Electricity is an essential element of our society, being the primary enabler of most businesses and the foundation of a nation’s progress. All stakeholders along the electricity supply chain are considered part of the Critical Infrastructure of every nation; which means that any negative impact to it can severely hit the national economy and public safety.

With the increasing presence of Smart Grids and IoT devices, risks are no longer solely affecting large organizations responsible for components of the energy value chain, but are now also a problem for consumers. In order to find a consistent way to counter those risks, several cybersecurity standards and technical requirements have been established for critical infrastructure and essential services. Nowadays electricity companies are more aware of the need to understand cyber risks and start taking action to protect their infrastructure and avoid service.

One of the biggest challenges in securing power and energy systems is their vast size and complexity. Electrical power and energy systems (EPES) span across large geographic regions and are comprised of numerous interconnected components, such as generators, transmission lines, substations, and control centers. Each of these components presents a potential vulnerability that can be exploited by cyber attackers.

Moreover, EPES rely heavily on information technology (IT) and operational technology (OT) systems to manage, monitor, and control various processes involved in the generation, transmission, and distribution of electricity. Therefore, any vulnerability in the IT or OT systems can potentially be exploited by cybercriminals to cause significant damage.

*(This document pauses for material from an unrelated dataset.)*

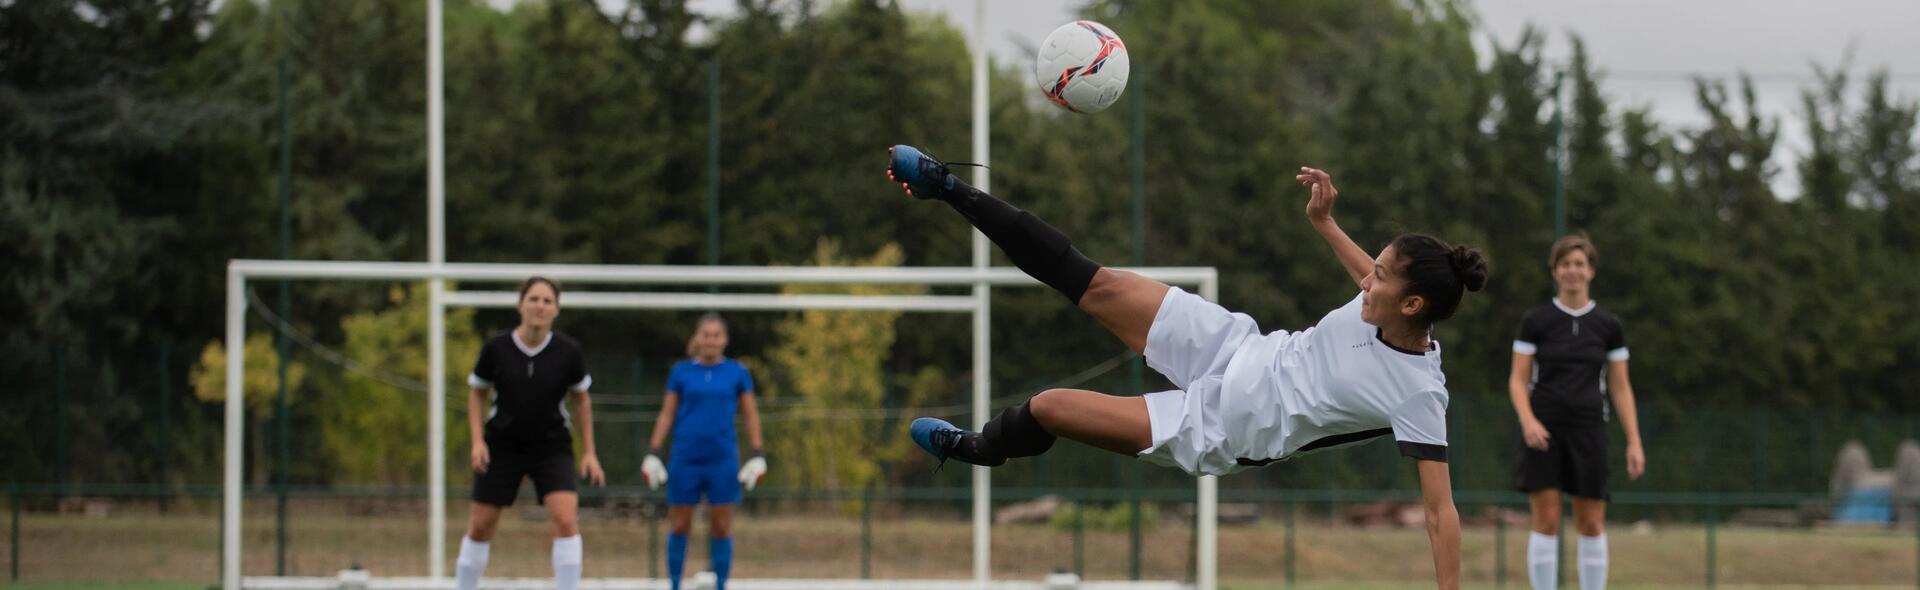 Le football féminin : une pratique en plein essor

One of the most significant cybersecurity risks for electrical power and energy systems is the possibility of an attacker accessing the supervisory control and data acquisition (SCADA) systems. SCADA systems are responsible for controlling the various components of the electrical power and energy systems, and a successful cyber-attack on these systems can result in the disruption of power supply, loss of critical data, financial losses, damage to electrical equipment, and even physical harm to personnel.

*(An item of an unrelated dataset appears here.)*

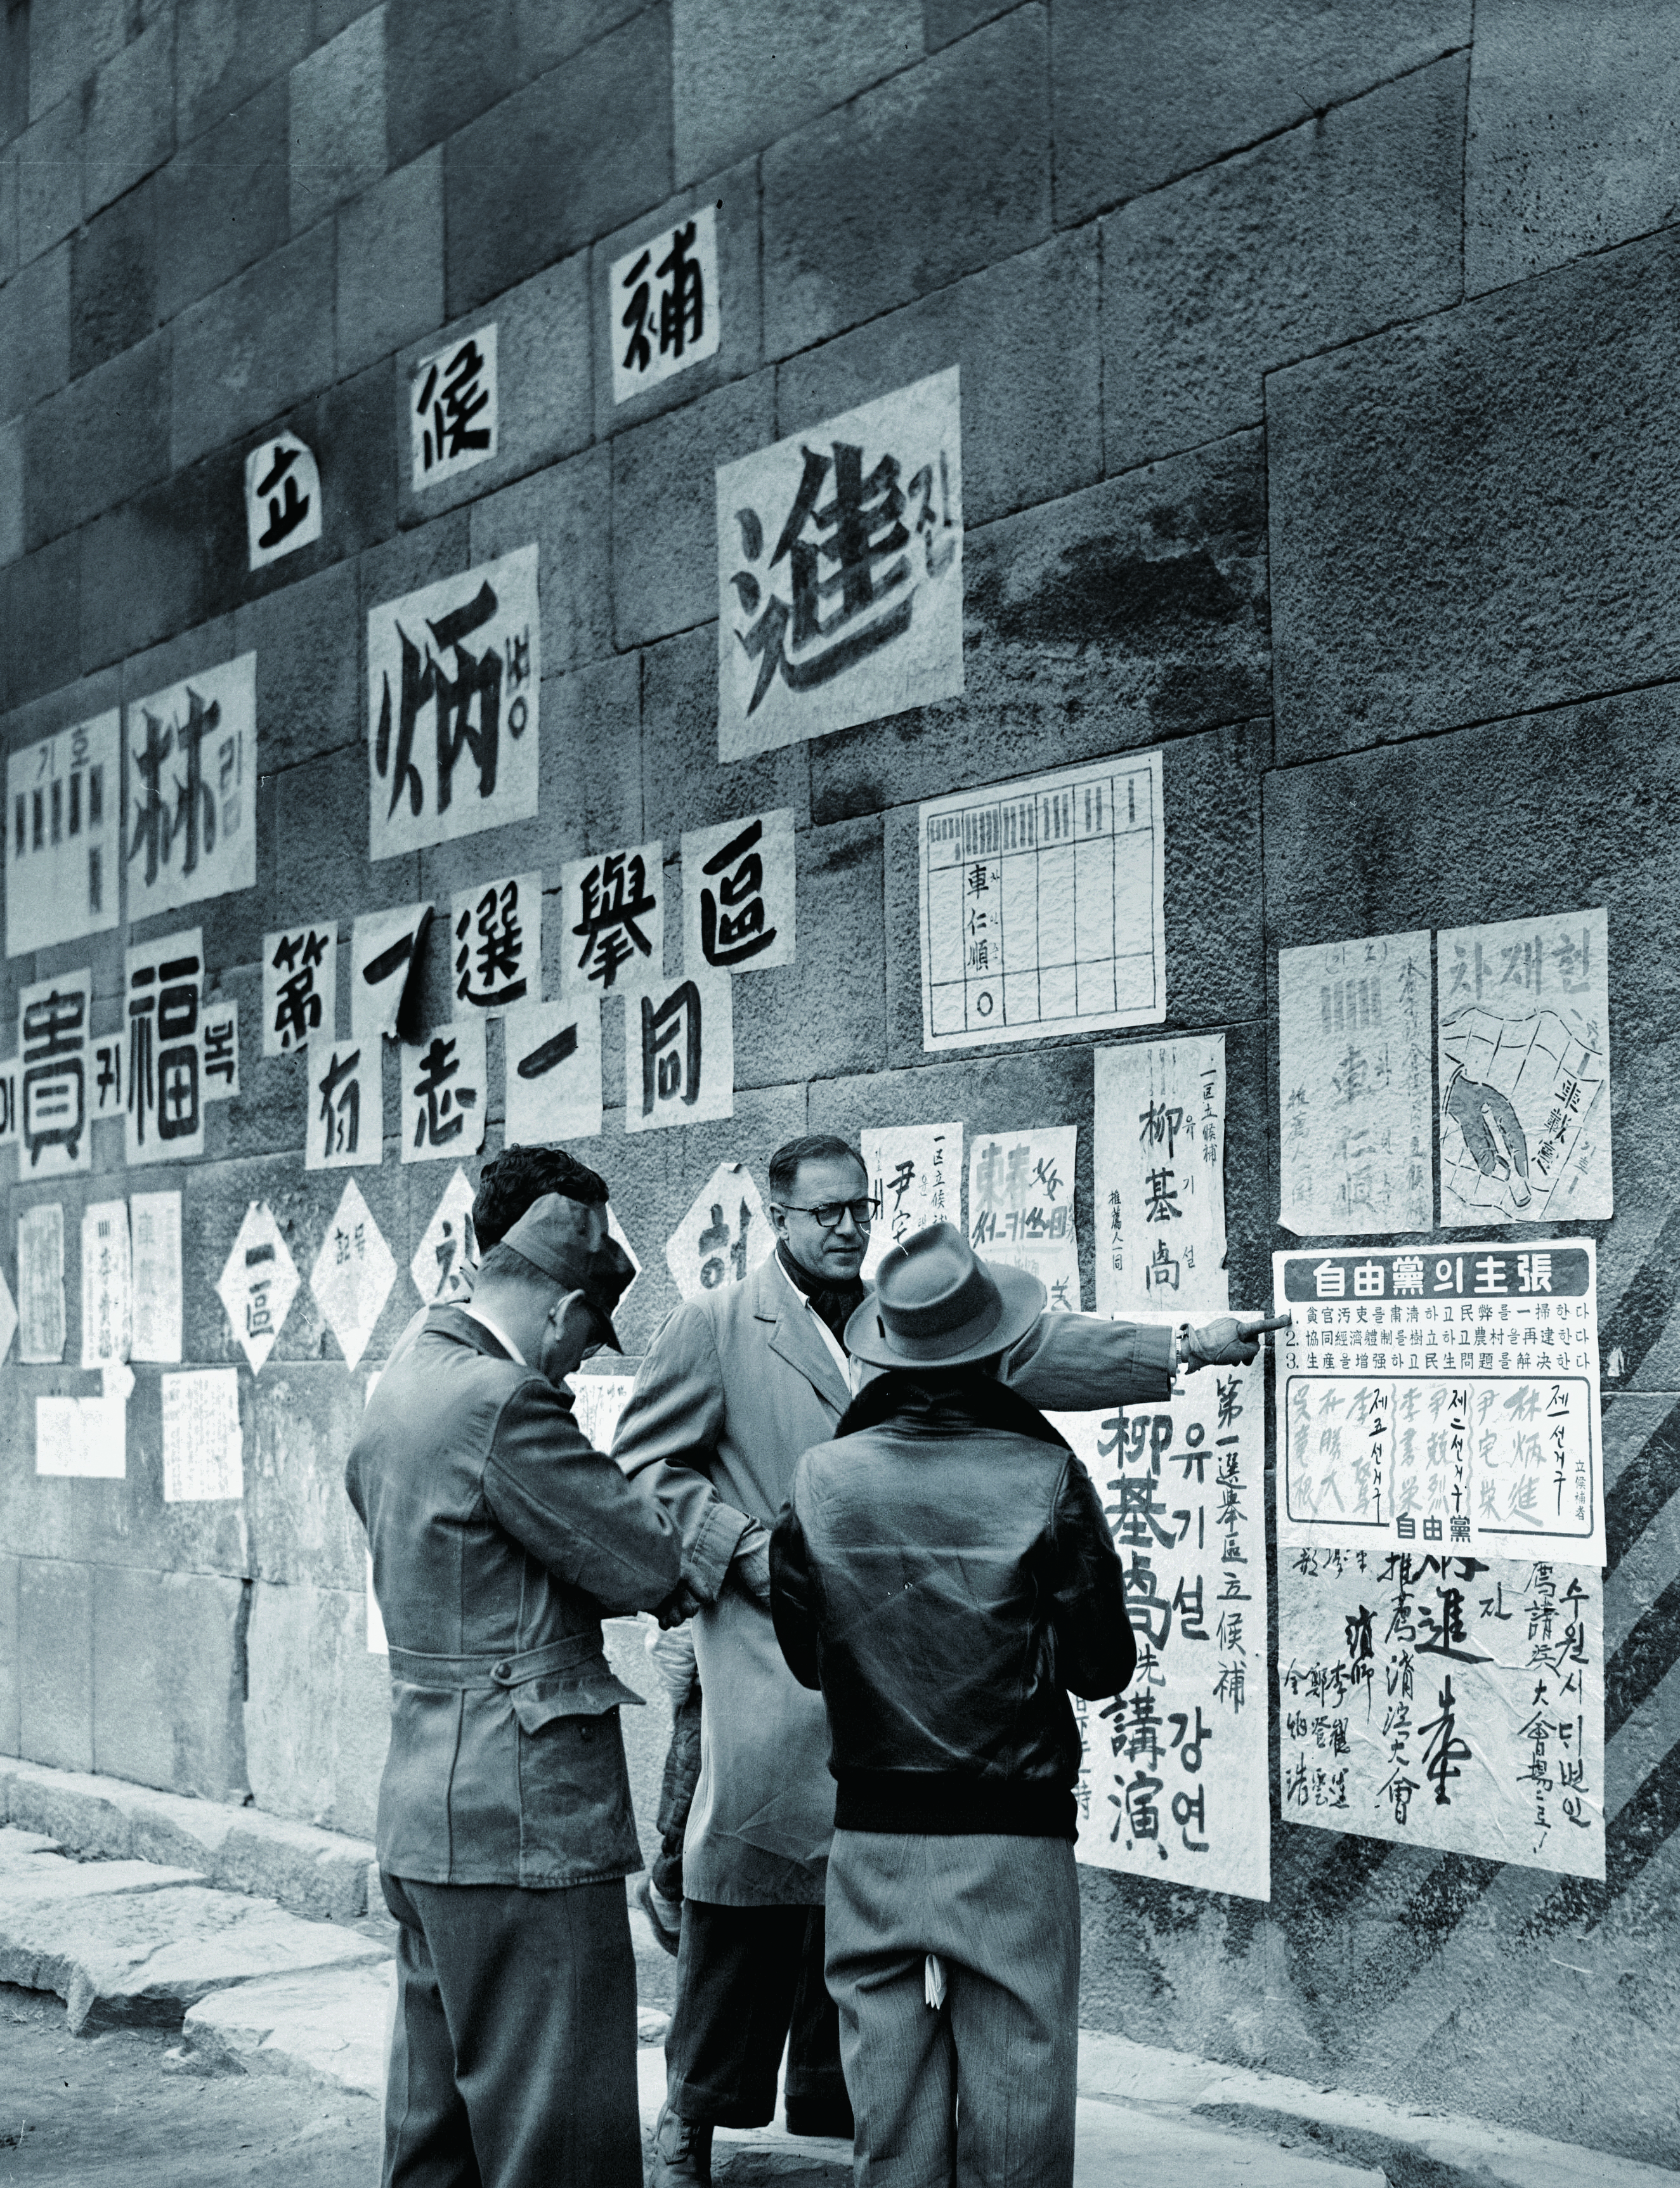 선거감독을 위해 지방을 시찰하는 유엔한국통일부흥위원단(1952)

Additionally, the increasing use of the internet of things (IoT) devices in the electrical power and energy systems has also resulted in an increased risk of cyber-attacks. These devices are often connected to the internet and are vulnerable to exploitation by cybercriminals, making them a potential entry point for a cyber-attack.

Common threats

There are many threat actors which impose a risk on EPES. Some of the most prominent, who have been exploited in the past, are:

  • Malware and Ransomware Attacks: include all malicious software, such as viruses, worms, and ransomware. These attacks can disrupt critical operations, compromise data integrity, and demand ransoms for the restoration of systems.
  • Insider Threats: can arise from employees, contractors, or individuals with authorised access to the system who misuse their privileges, intentionally or unintentionally. This can lead to data manipulation or sabotage.
  • Supply Chain Attacks: by compromising a trusted supplier or contractor, attackers can introduce malicious code, implant backdoors, or tamper with components during manufacturing or distribution.
  • Phishing and Social Engineering: leverage deceptive tactics, such as fraudulent emails or messages, to trick users into revealing sensitive information or granting unauthorized access. Exploiting humans and making them vulnerable to manipulation into divulging confidential data or performing malicious actions.
  • Zero-Day Exploits: are vulnerabilities in software or systems that are unknown to the vendor or developers.
  • Nation-State Attacks: Power and energy systems are enticing targets for nation-state actors seeking to exert influence or gain a strategic advantage.
  • Remote Access Vulnerabilities: The increasing need for remote access to EPES for monitoring, maintenance, and troubleshooting introduces its own set of cybersecurity risks. Unauthorized access, weak authentication mechanisms, insecure remote desktop protocols, and insufficient encryption can all lead to unauthorized entry, manipulation of control systems, or data breaches.

Real-Life Examples

Operation Aurora (2009): Operation Aurora was a series of cyber attacks targeting various industries, including the electric power sector. The attacks involved highly sophisticated and coordinated efforts to infiltrate the systems of several major companies. While specific details regarding the impact on the power sector are not widely disclosed, the incident demonstrated the capabilities of advanced persistent threats and their potential to infiltrate critical infrastructure.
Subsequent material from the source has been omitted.